- Exercise brief:
Span requested from the data below: the line with "Antietam, Md. Col." through the line with "BIGFANSS Ultra-Soft Micro Fleece Blanket", both included. Give only these lines again, exactly, and leave every picture out.

- Working data:
....

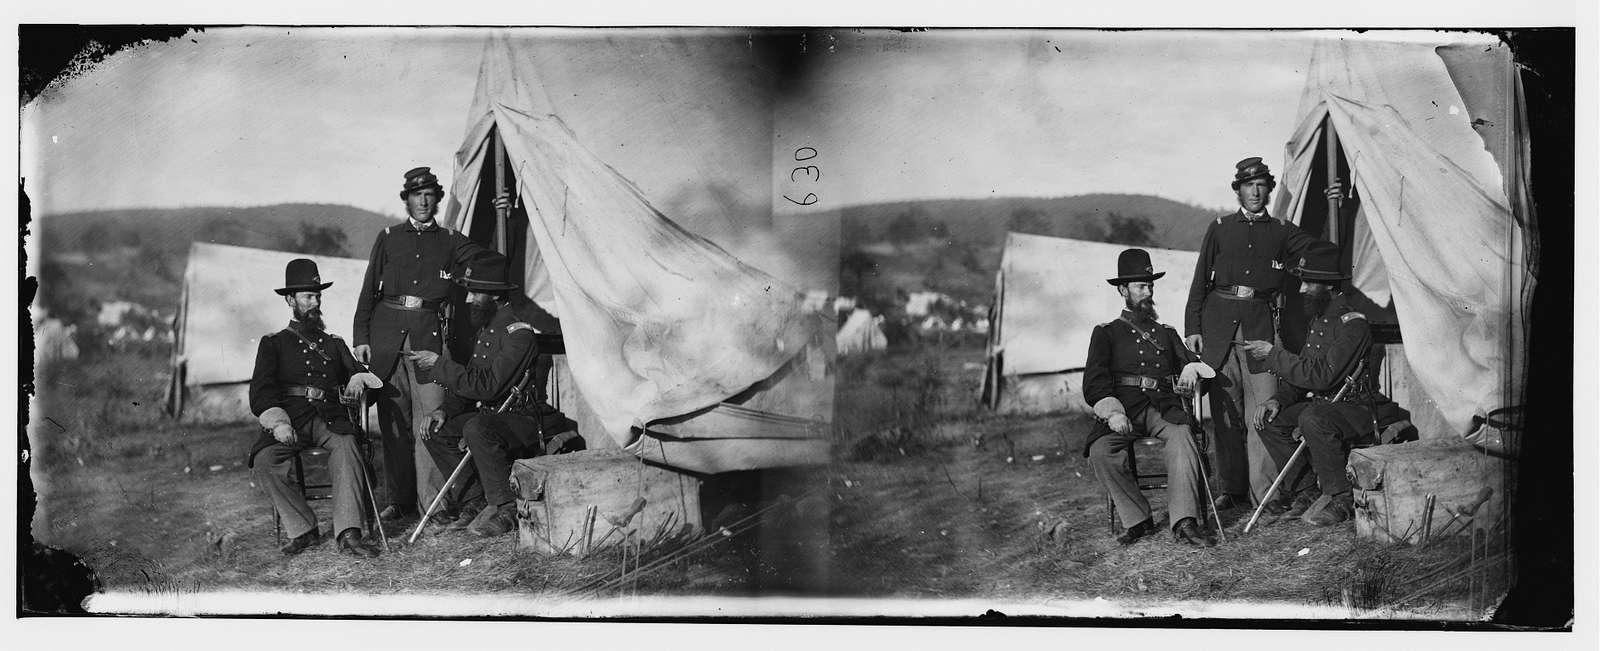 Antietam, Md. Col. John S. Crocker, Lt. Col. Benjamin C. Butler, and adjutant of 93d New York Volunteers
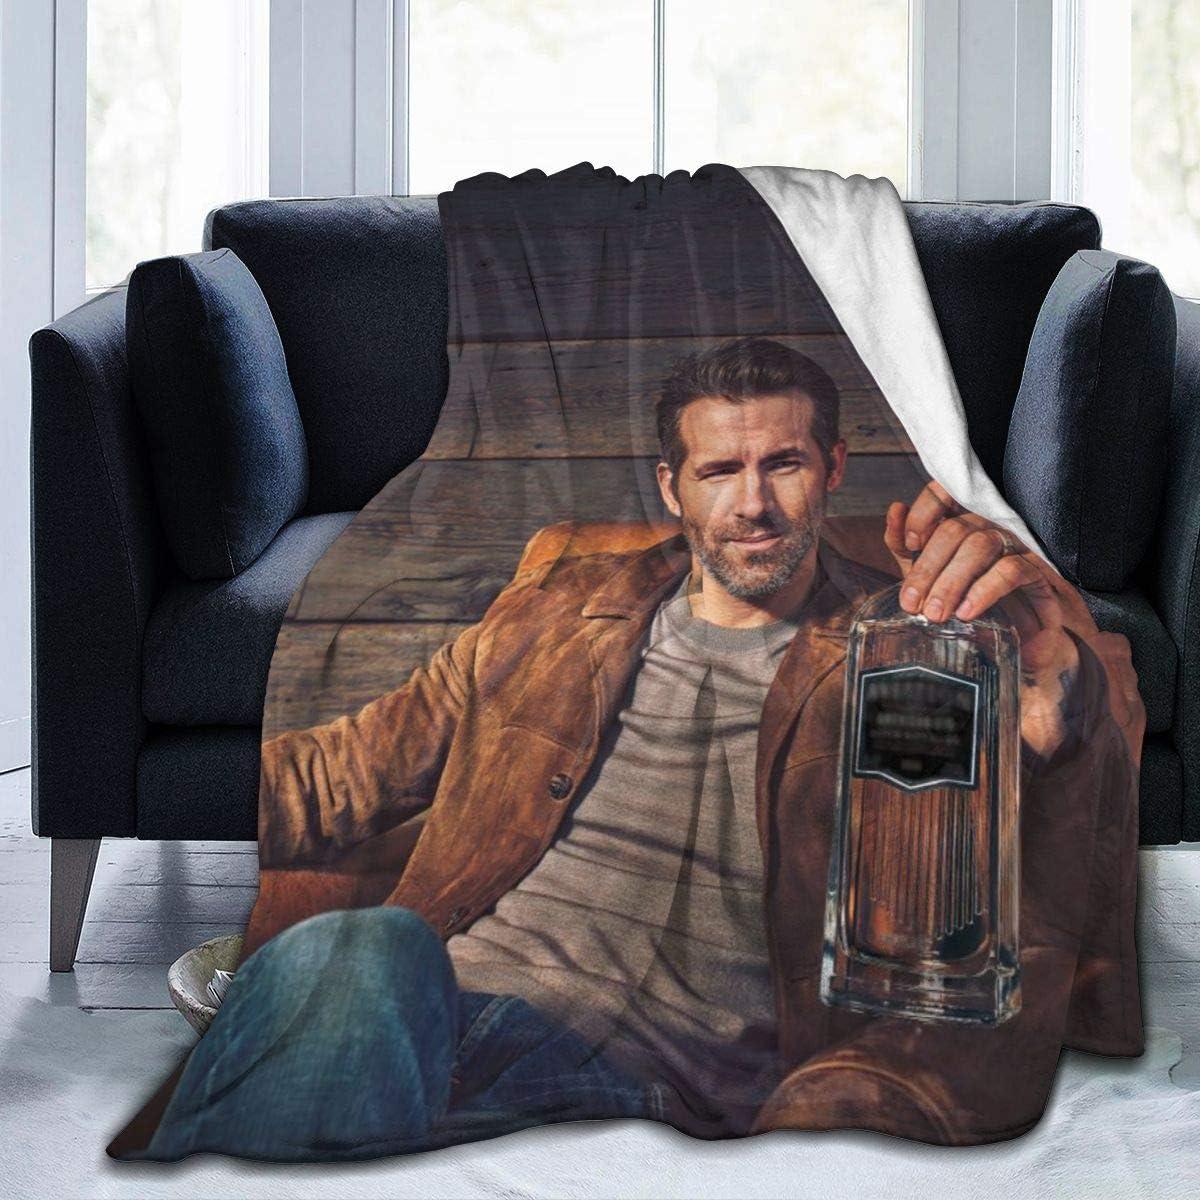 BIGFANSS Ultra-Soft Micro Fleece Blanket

....

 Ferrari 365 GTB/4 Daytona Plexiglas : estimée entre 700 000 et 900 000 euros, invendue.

....

- Written response:
 Antietam, Md. Col. John S. Crocker, Lt. Col. Benjamin C. Butler, and adjutant of 93d New York Volunteers
 BIGFANSS Ultra-Soft Micro Fleece Blanket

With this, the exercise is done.